CARRIE SCHNEIDER and SPENCER MURPHY at Gallery 44 (401 Richmond West, suite 120), to March 6. 416-979-3941. Rating: NNNN


How close is too close, and how alone is too alone? Photographers Carrie Schneider and Spencer Murphy have collaborated on a show that explores the complex dynamics of the self and the family. Both rely on a cinematic, highly narrative style that in turn depends on a talent for smart framing and dramatic symbolism.

In Schneider’s Derelict Self series, she poses with a male analogue of herself. Stuck together and moving in unison in identical outfits, the pair could be brother and sister going about their business in austerely staged scenes. It becomes apparent, however, that this is one bifurcated self, male and female, moving about in unison.

As they fight, bathe, shop and eat in unison, a palpable alienation is suggested. The two halves of the self made visible seem lonelier for being made so. Only in Bar, where her male half tentatively embraces a woman in the seclusion of a cubbyhole, is there a possibility of intimacy, fraught as it is with conflict.

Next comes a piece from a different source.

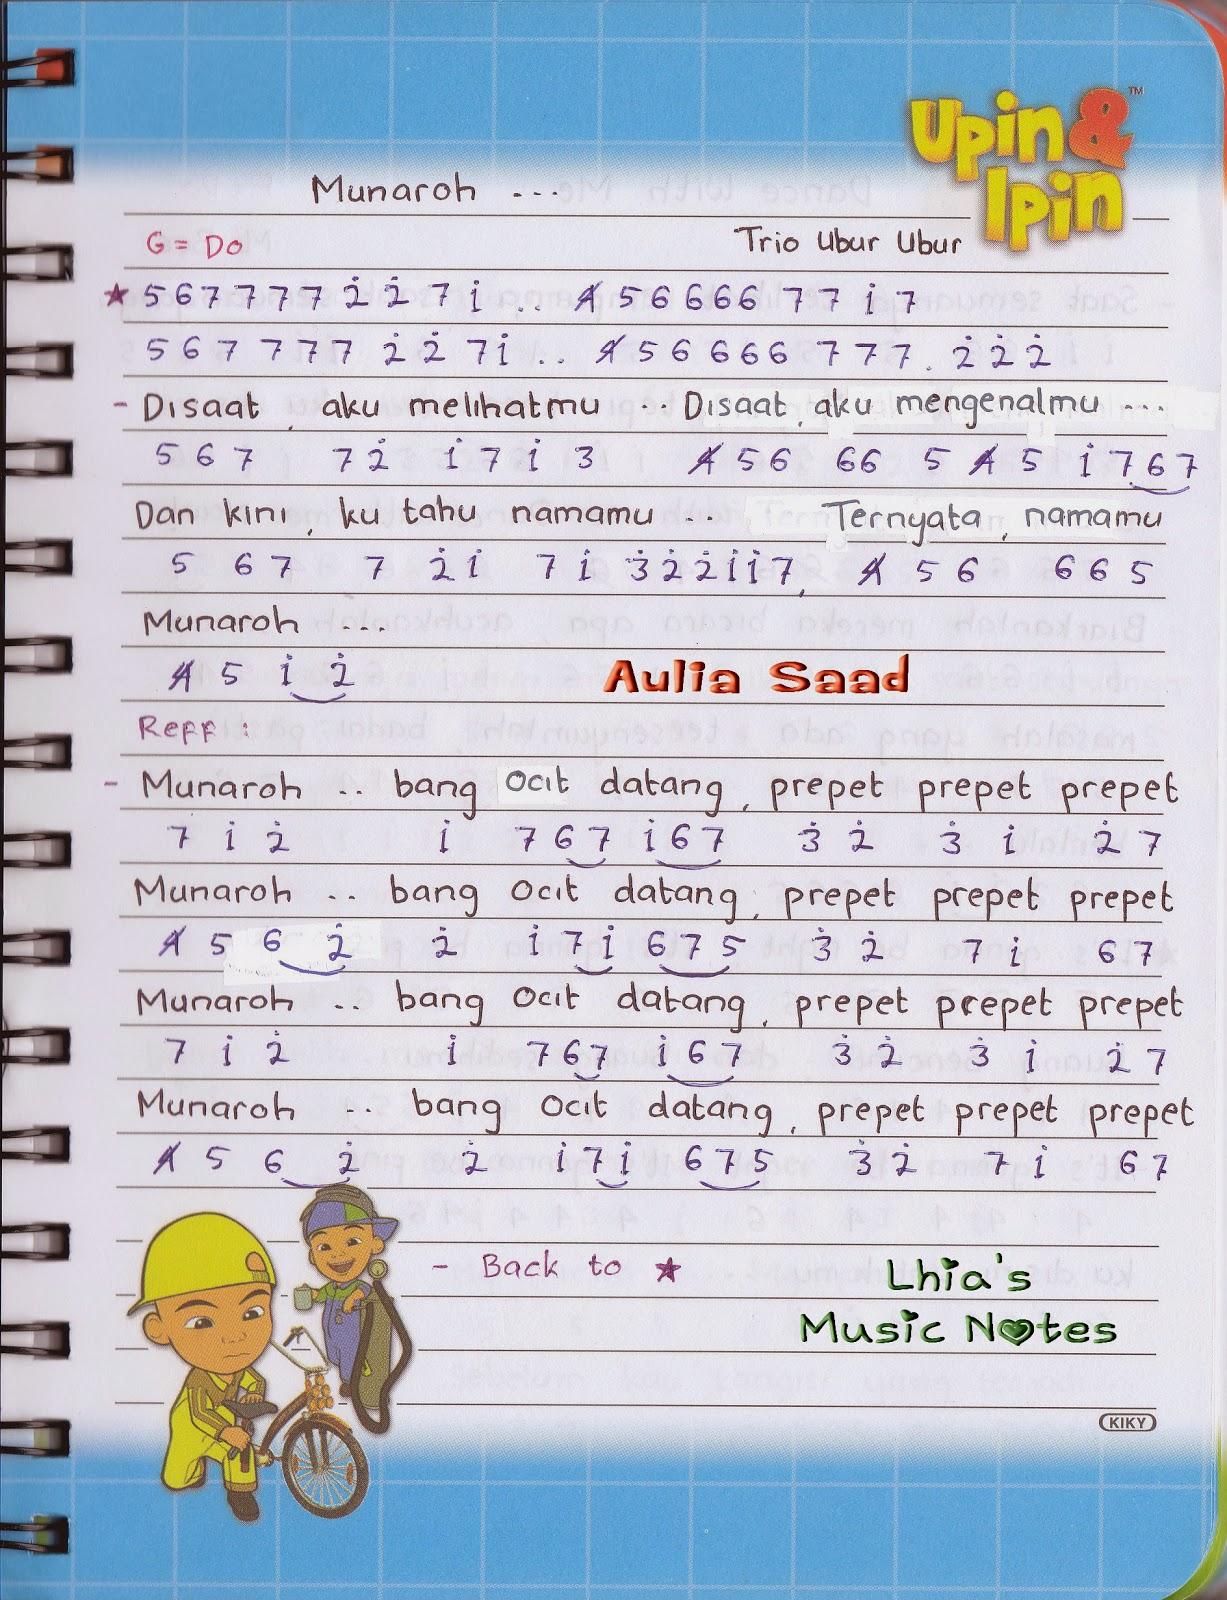 Not Angka Trio Ubur Ubur Munaroh Lhia S Music Notes

The series attempts to paint a complex portrait of self in tightly controlled and neutral tones.

Murphy shies away from self and focuses instead on family, constructing a meta-drama where his relatives inhabit different fictional scenarios. A brother broods outside a toolshed. His mother looks vulnerable seated on the edge of a massage table. These are Hitchcockian stills: claustrophobic windows into family tension, laden with loaded symbolism.

In Murphy The Dog, all the elements of the modern family home – a ferocious guard dog, propane under pressure and a ballerina tchotchke referencing the dream of domestic refinement – are brought together in a subtle but highly charged trifecta.

Not mere photographs, these seem more like film stills from a waking dream that teeter on the brink of something intangible.